Андрей Янович смешался, с гневной пренебрежительностью махнул рукой и энергично пошел за буфет.
Выглядывающая из-за забора и внимательно слушавшая все это соседка вновь озаботилась и склонилась над грядками.
– А надо было не воздерживаться, а против голосовать! – рассердившись на себя за буфетом, вышел и припечатал Андрей Янович. – Во-первых, – грозно выставил он палец, – как ты можешь контролировать директора, если он приятель твоему сыну?! Что ты против него можешь сказать?
– Мне и сметь нечего, – приосанилась мать. – Я против него говорить ничего не собираюсь. Я за то, чтобы дело делать, – усмехнулась она. – А тебе лишь бы против сказать!
Мать даже замерла с чайником в руках. Так поразила ее точность, с которой она, в свою очередь, припечатала Андрея Яновича. Она торжествующе посмотрела на меня.

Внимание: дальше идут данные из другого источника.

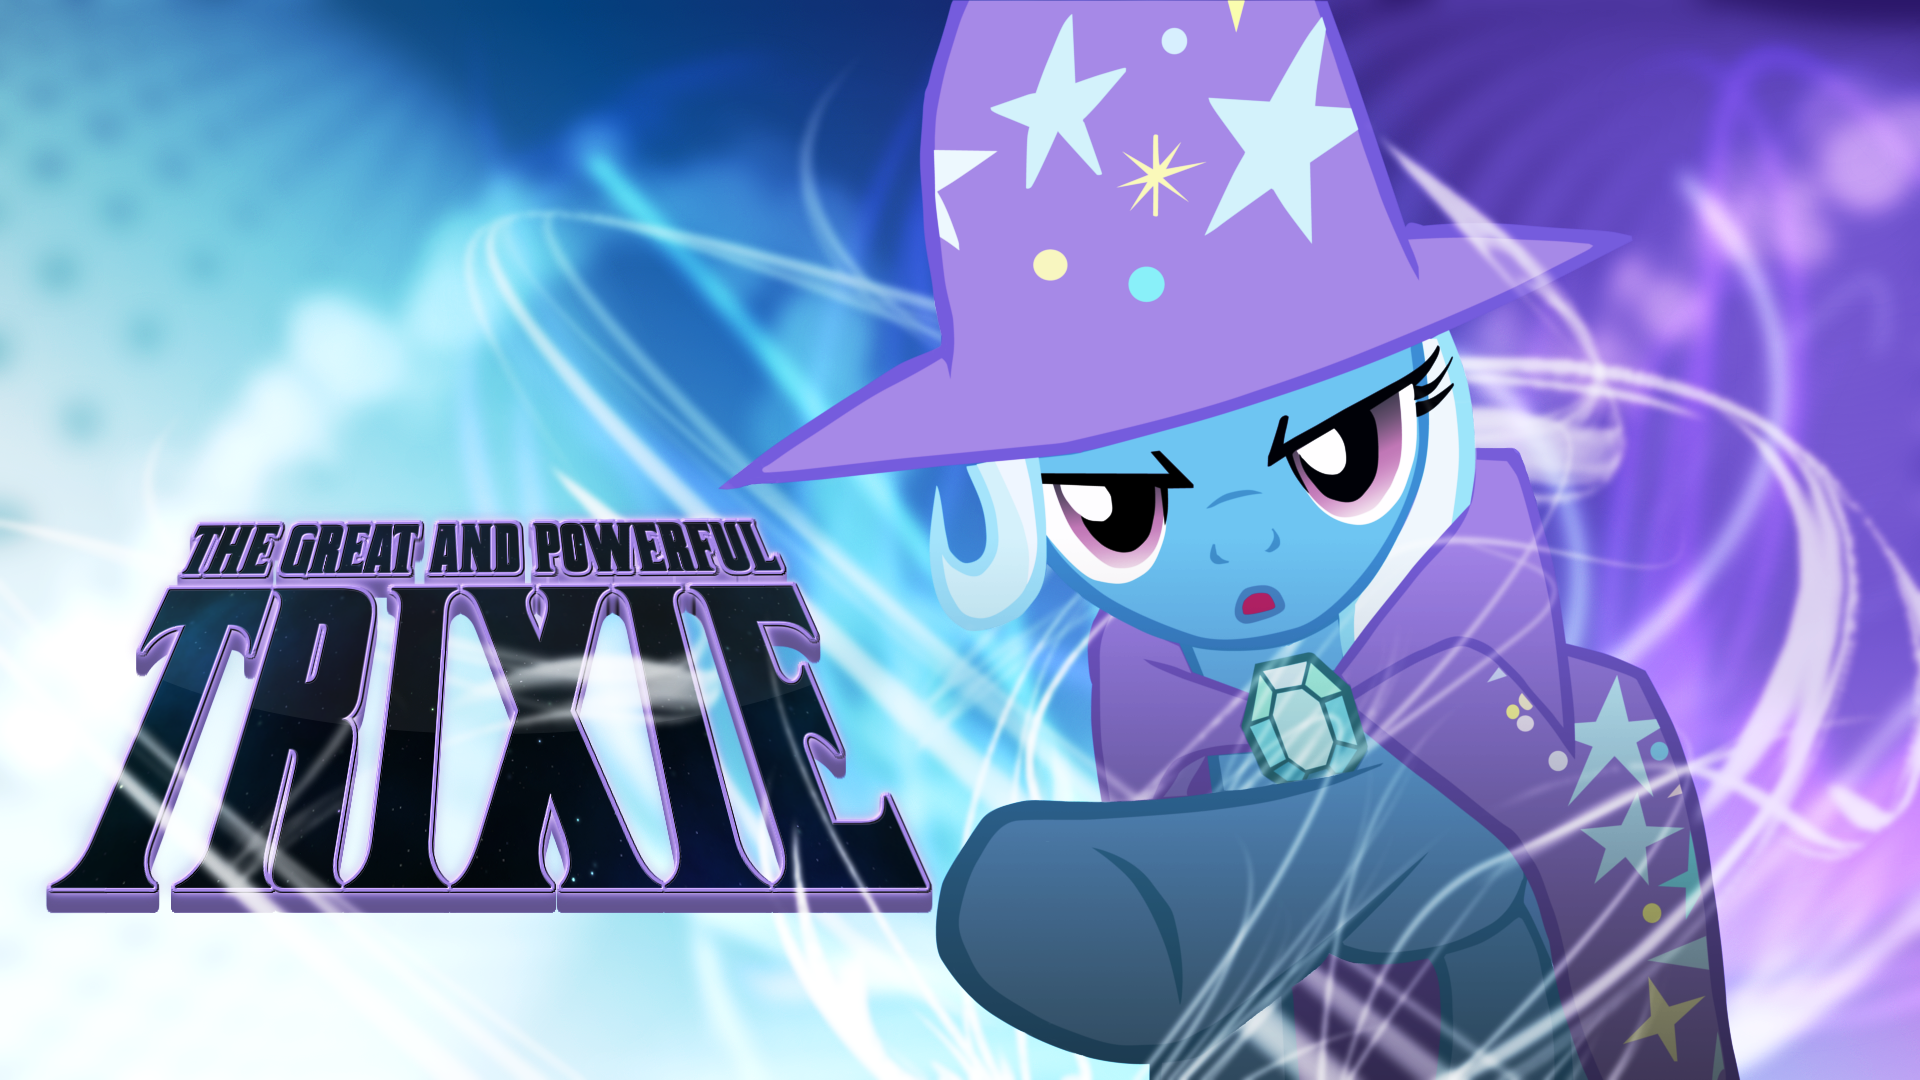 Trixie and her awesome Magic - Wallpaper by Immolation-of-Senses and Tadashi--kun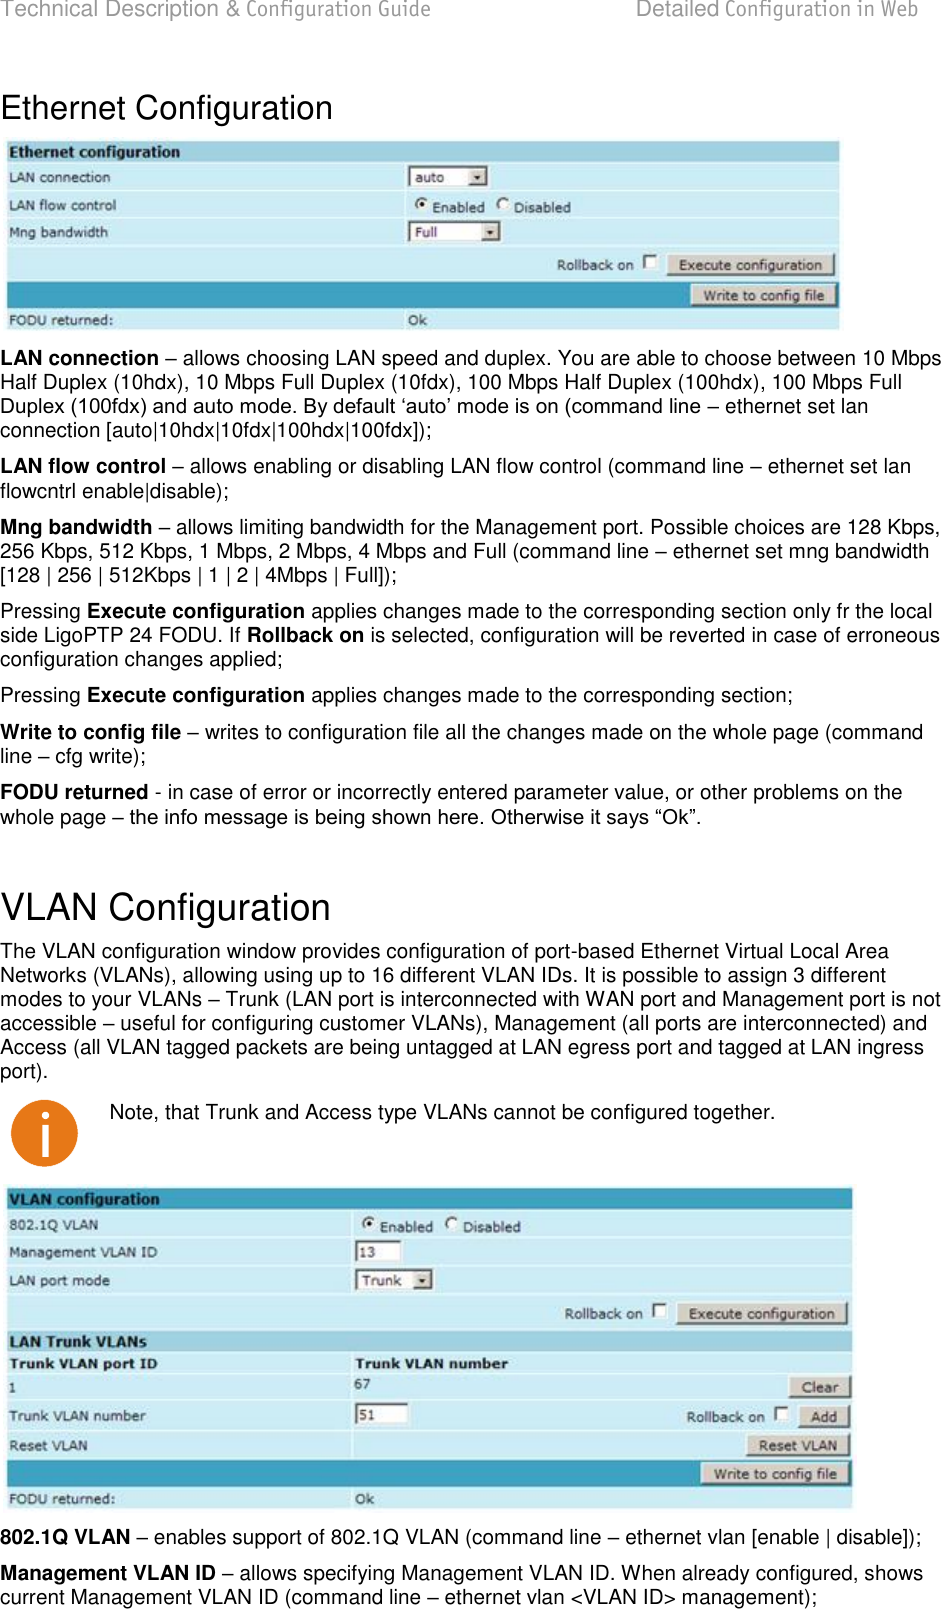 Technical Description &amp; Configuration Guide  Detailed Configuration in Web  LigoWave  Page 48 Ethernet Configuration  LAN connection  allows choosing LAN speed and duplex. You are able to choose between 10 Mbps Half Duplex (10hdx), 10 Mbps Full Duplex (10fdx), 100 Mbps Half Duplex (100hdx), 100 Mbps Full  ethernet set lan connection [auto|10hdx|10fdx|100hdx|100fdx]); LAN flow control  allows enabling or disabling LAN flow control (command line  ethernet set lan flowcntrl enable|disable); Mng bandwidth  allows limiting bandwidth for the Management port. Possible choices are 128 Kbps, 256 Kbps, 512 Kbps, 1 Mbps, 2 Mbps, 4 Mbps and Full (command line  ethernet set mng bandwidth [128 | 256 | 512Kbps | 1 | 2 | 4Mbps | Full]); Pressing Execute configuration applies changes made to the corresponding section only fr the local side LigoPTP 24 FODU. If Rollback on is selected, configuration will be reverted in case of erroneous configuration changes applied; Pressing Execute configuration applies changes made to the corresponding section; Write to config file  writes to configuration file all the changes made on the whole page (command line  cfg write); FODU returned - in case of error or incorrectly entered parameter value, or other problems on the whole page    VLAN Configuration The VLAN configuration window provides configuration of port-based Ethernet Virtual Local Area Networks (VLANs), allowing using up to 16 different VLAN IDs. It is possible to assign 3 different modes to your VLANs  Trunk (LAN port is interconnected with WAN port and Management port is not accessible  useful for configuring customer VLANs), Management (all ports are interconnected) and Access (all VLAN tagged packets are being untagged at LAN egress port and tagged at LAN ingress port).  Note, that Trunk and Access type VLANs cannot be configured together.  802.1Q VLAN  enables support of 802.1Q VLAN (command line  ethernet vlan [enable | disable]); Management VLAN ID  allows specifying Management VLAN ID. When already configured, shows current Management VLAN ID (command line  ethernet vlan &lt;VLAN ID&gt; management);

Андрей Янович рассвирепел:
– Нет, уважаемая Елена Дмитриевна! – подавшись к ней, со свистом сказал он сквозь зубы. – Мы-то как раз делали. Революцию у вас тут делали, армию в бой водили, промышленность в государстве ставили, золото стране добывали. Даже вот, пожалуйста, кирпичный завод вам на старости лет построили! – Андрей Янович повеселел. – Хе-хе!.. Но перед тем как делать, надо народ поднять. Вот как большие дела делаются!.. А если шахер-махер, да неизвестно зачем, да оскорбительно, – это не большие дела, нет! Это что-то другое, – сказал он, махая перед носом пальцем. – Один особняк в поселке построил, и в тот сам же и вселился. А-а? Радеет он о народе! А закрытый распределитель? Это что означает? Это означает, что есть свои и есть быдло! А раз так, то и поведение твоего Курулина понятно. Попробуй, объясни-ка это народу, зачем ты в первую очередь себе и своим, а уж потом... – Андрей Янович махнул рукой, пошел за буфет, но остановился. – Я вот хочу посмотреть, что Лешка скажет. Вот ему-то я не завидую. Прокукарекал – ну и сидел бы в Москве! – С выражением обычной для него непримиримости он повернулся ко мне. – Зачем приехал? Против Курулина ты не пойдешь: сам же прославил его на всю страну. А не пойдешь – так подлец! Разве не так? Сейчас за ворота выйдешь – люди к тебе полезут: что ты им скажешь? Нечего тебе им сказать. – Расстроившись на сей раз по-настоящему, Андрей Янович быстро и возбужденно прошелся по веранде. – Вот что, – сказал он, остановившись. – Уезжай!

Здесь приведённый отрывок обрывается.